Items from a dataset
....
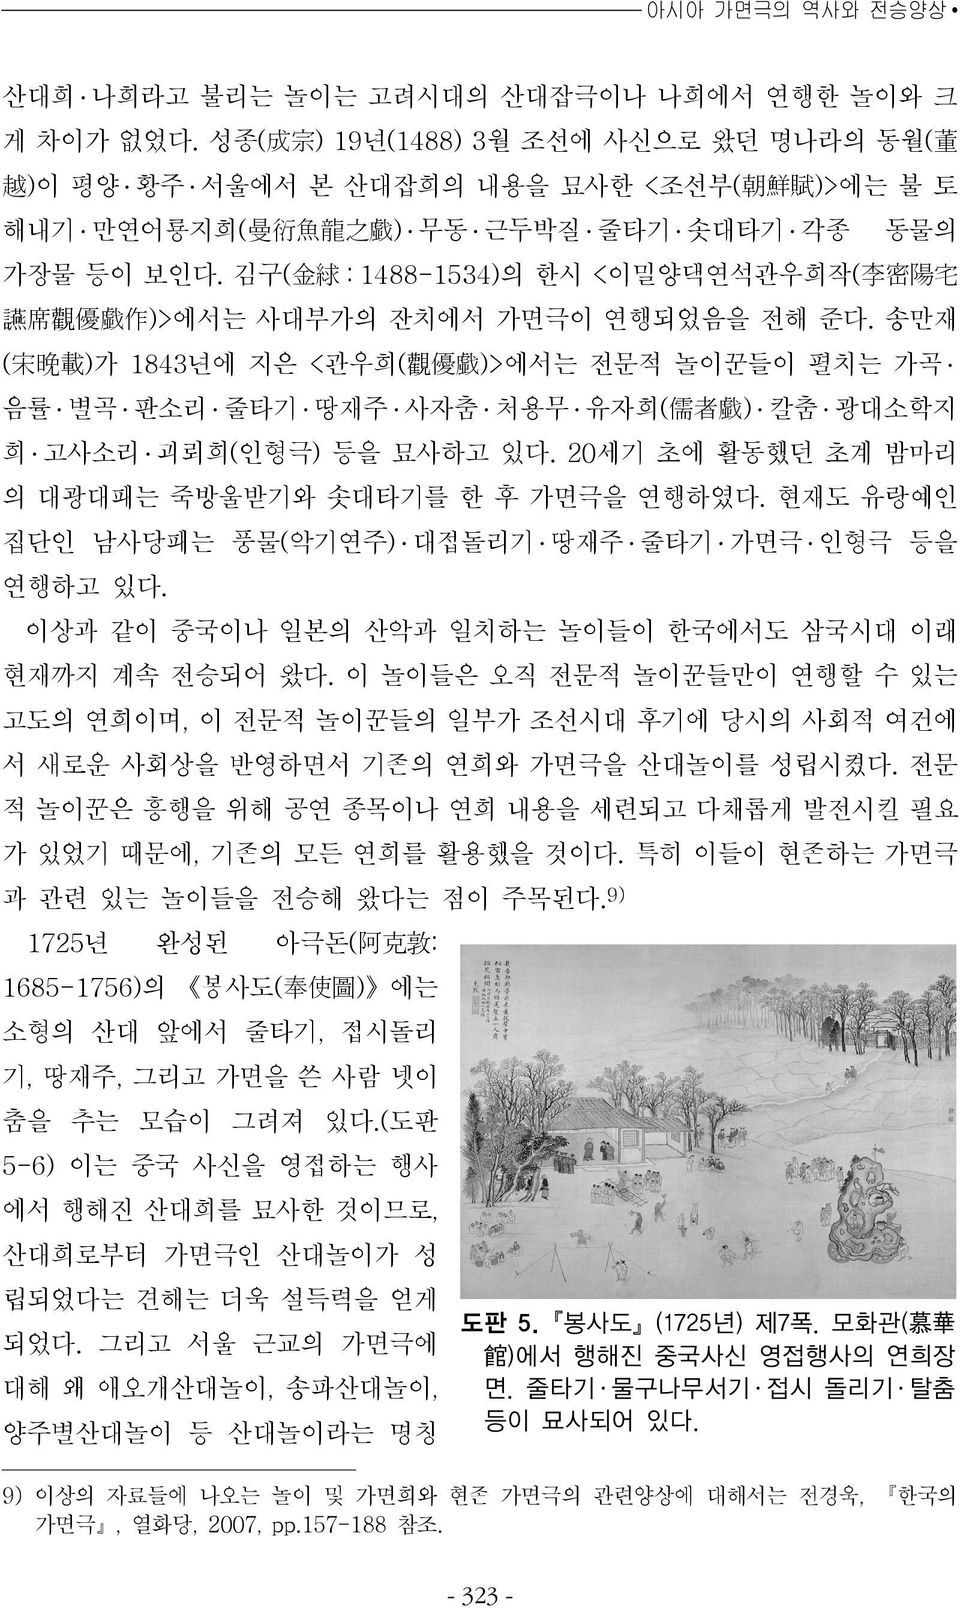 김구( 金 絿 : 1488-1534)의 한시 <이밀양댁연석관우희작( 李 密 陽 宅 讌 席 觀 優 戱 作 )>에서는 사대부가의 잔치에서 가면극이 연행되었음을 전해 준다.
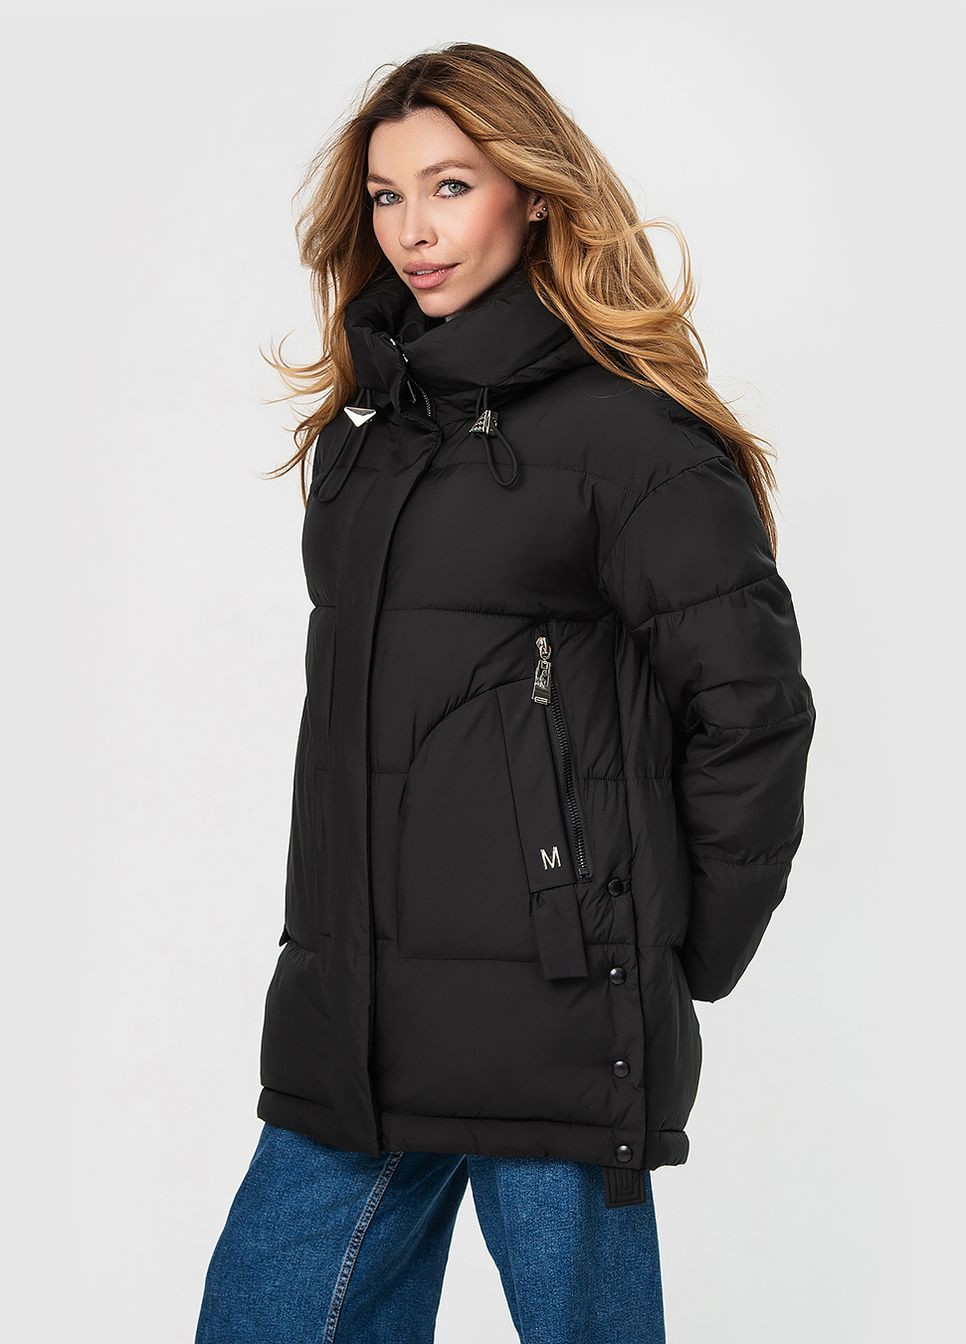 Черная зимняя куртка з капюшоном модель Visdeer 3168
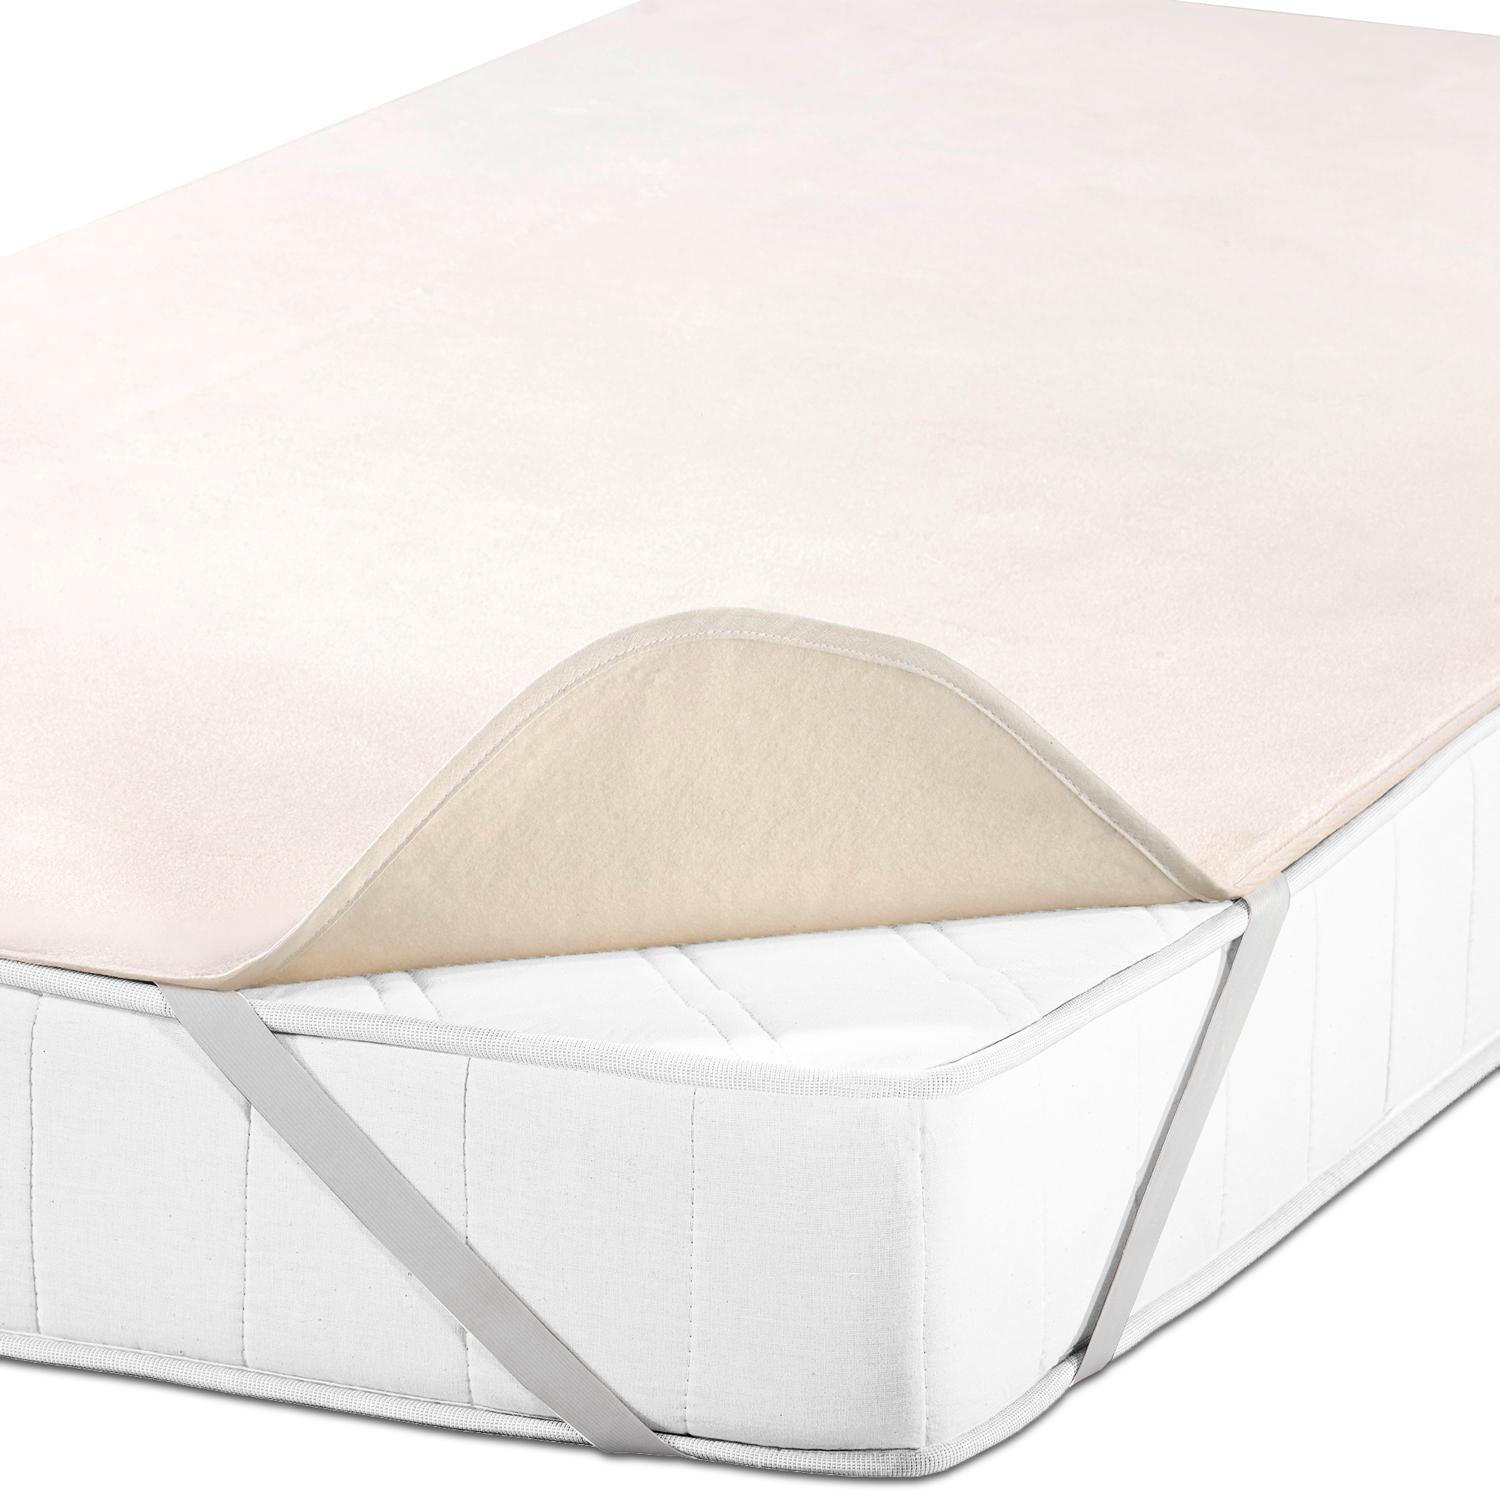 Sleezzz Basic Molton yatak koruyucu 90 x 190 cm, %100 pamuktan yapılmış yatak koruyucu, doğal renkler, sabit gerginlik
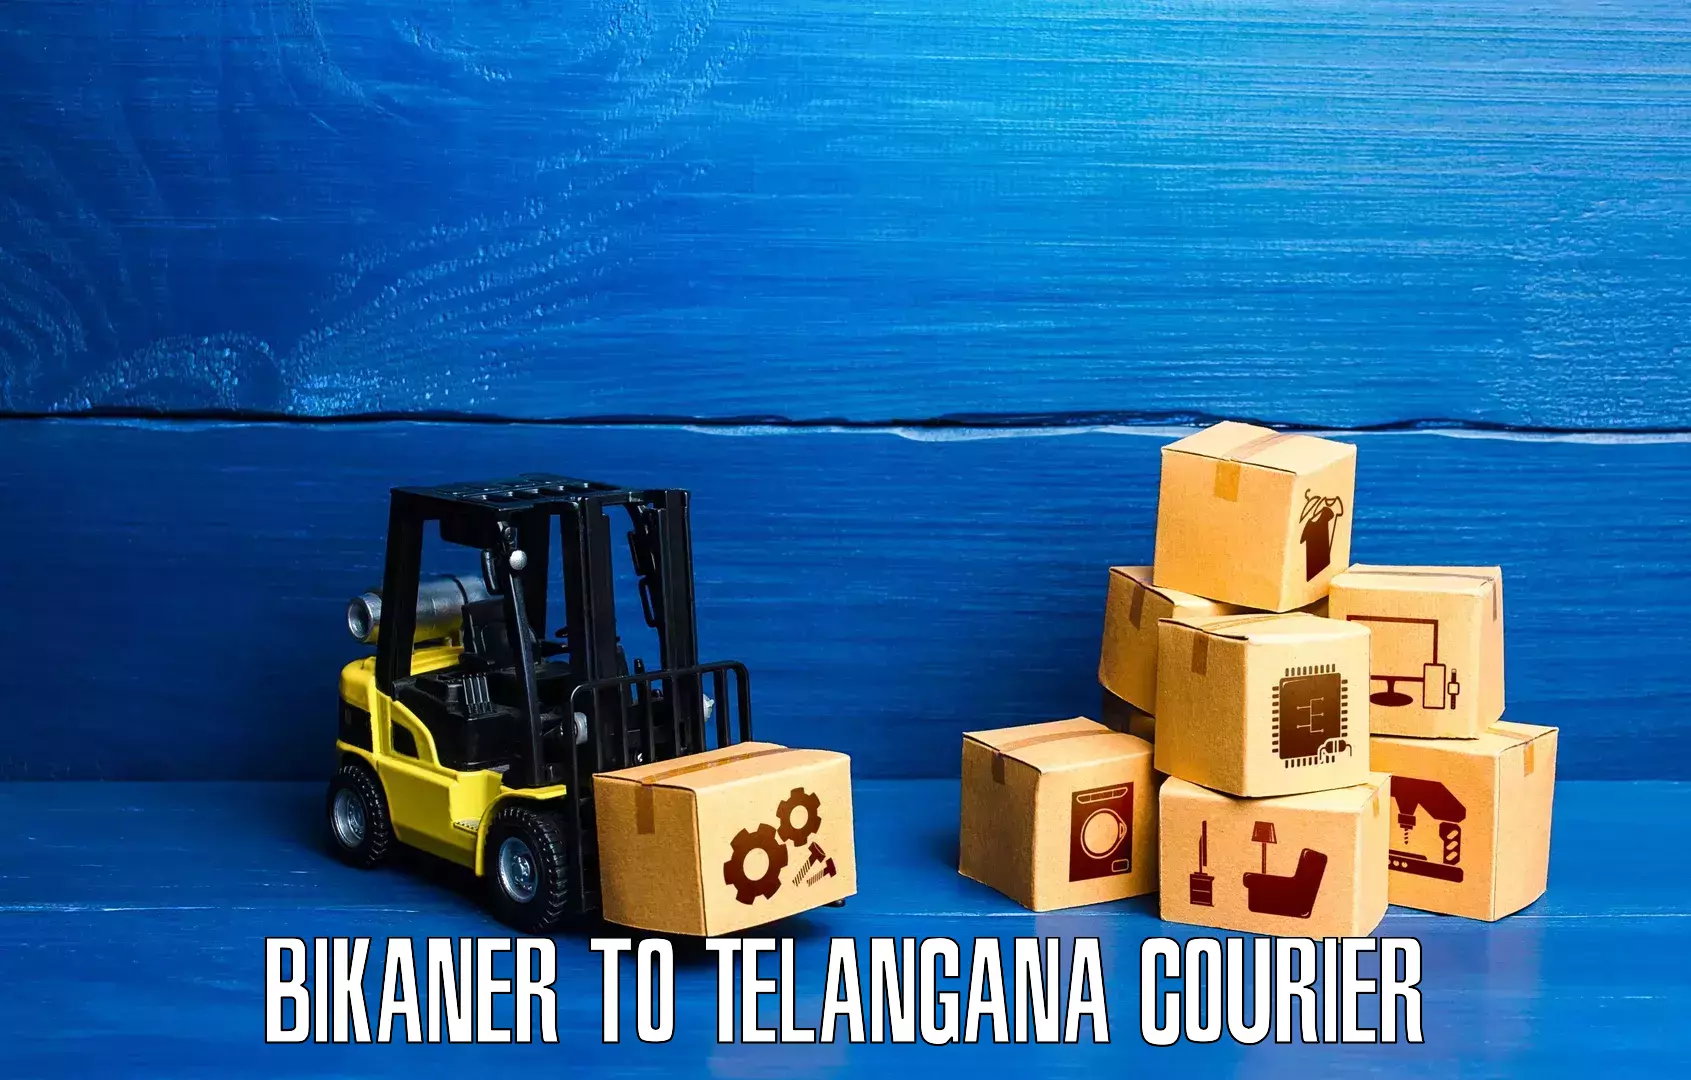 Subscription-based courier in Bikaner to Karimnagar
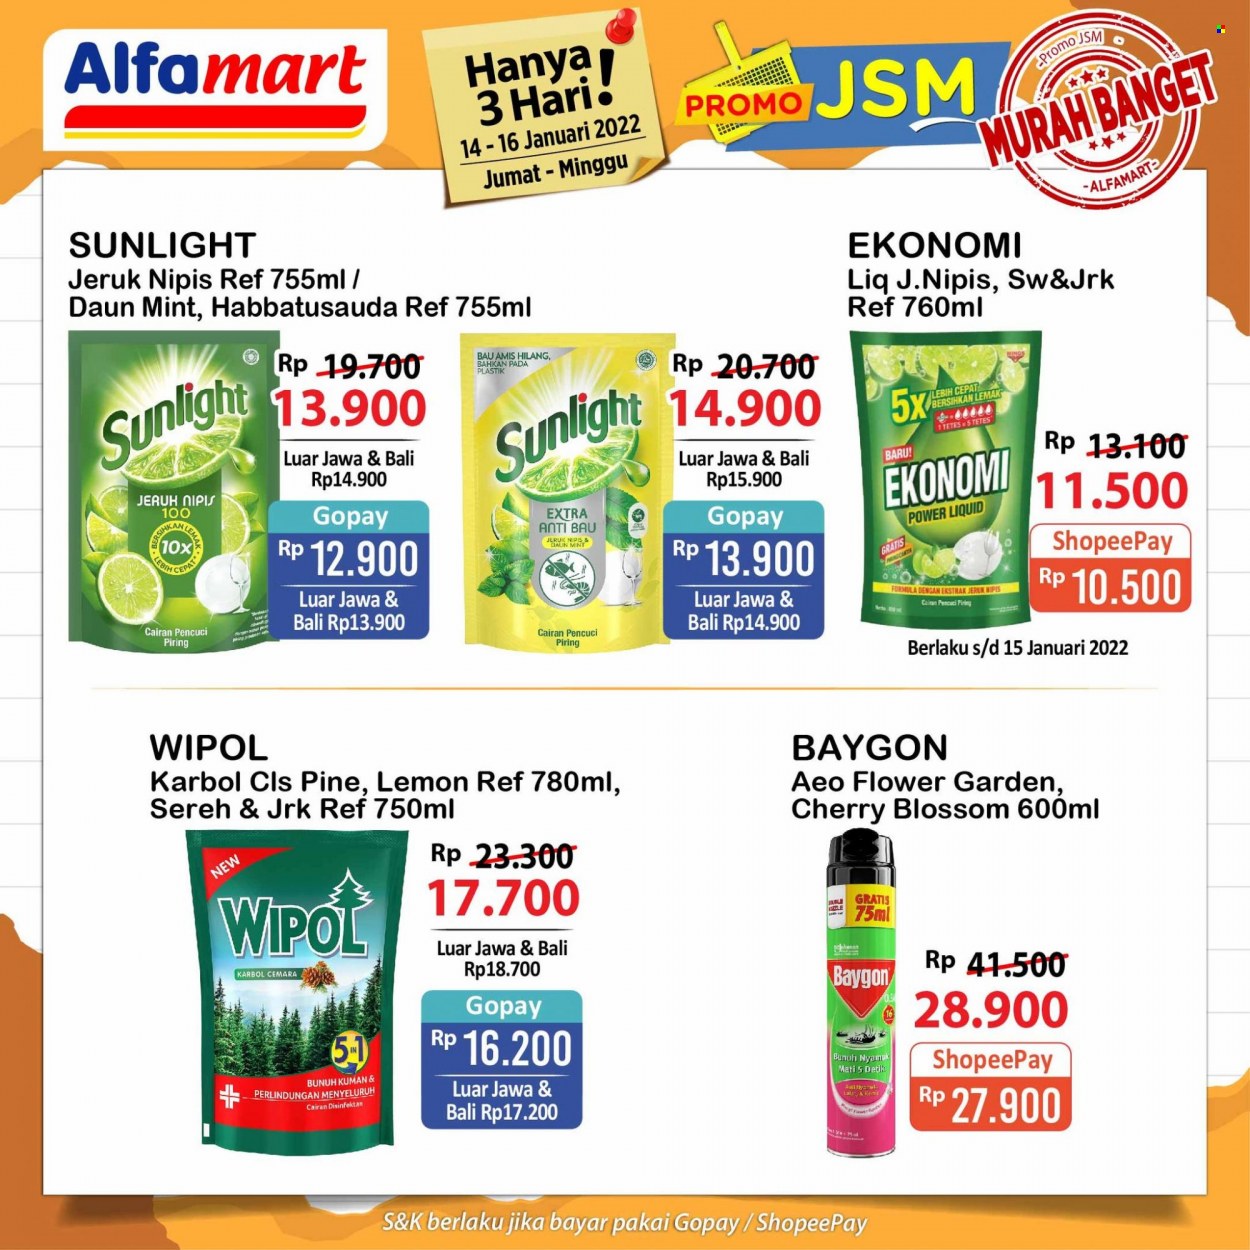 Promo Alfamart - 01/14/2022 - 01/16/2022 - Produk diskon - wipol, sunlight, pine, piring, lemon, mint, jeruk, jeruk nipis, baygon. Halaman 2.
....
● Problem requirements
This exercise asks for an exact copy of the lines from the first one in the data through the line that contains "Subscription-based courier in", pictures excluded.

● Solved problem
 김구( 金 絿 : 1488-1534)의 한시 <이밀양댁연석관우희작( 李 密 陽 宅 讌 席 觀 優 戱 作 )>에서는 사대부가의 잔치에서 가면극이 연행되었음을 전해 준다.
 Черная зимняя куртка з капюшоном модель Visdeer 3168
 Sleezzz Basic Molton yatak koruyucu 90 x 190 cm, %100 pamuktan yapılmış yatak koruyucu, doğal renkler, sabit gerginlik
 Subscription-based courier in Bikaner to Karimnagar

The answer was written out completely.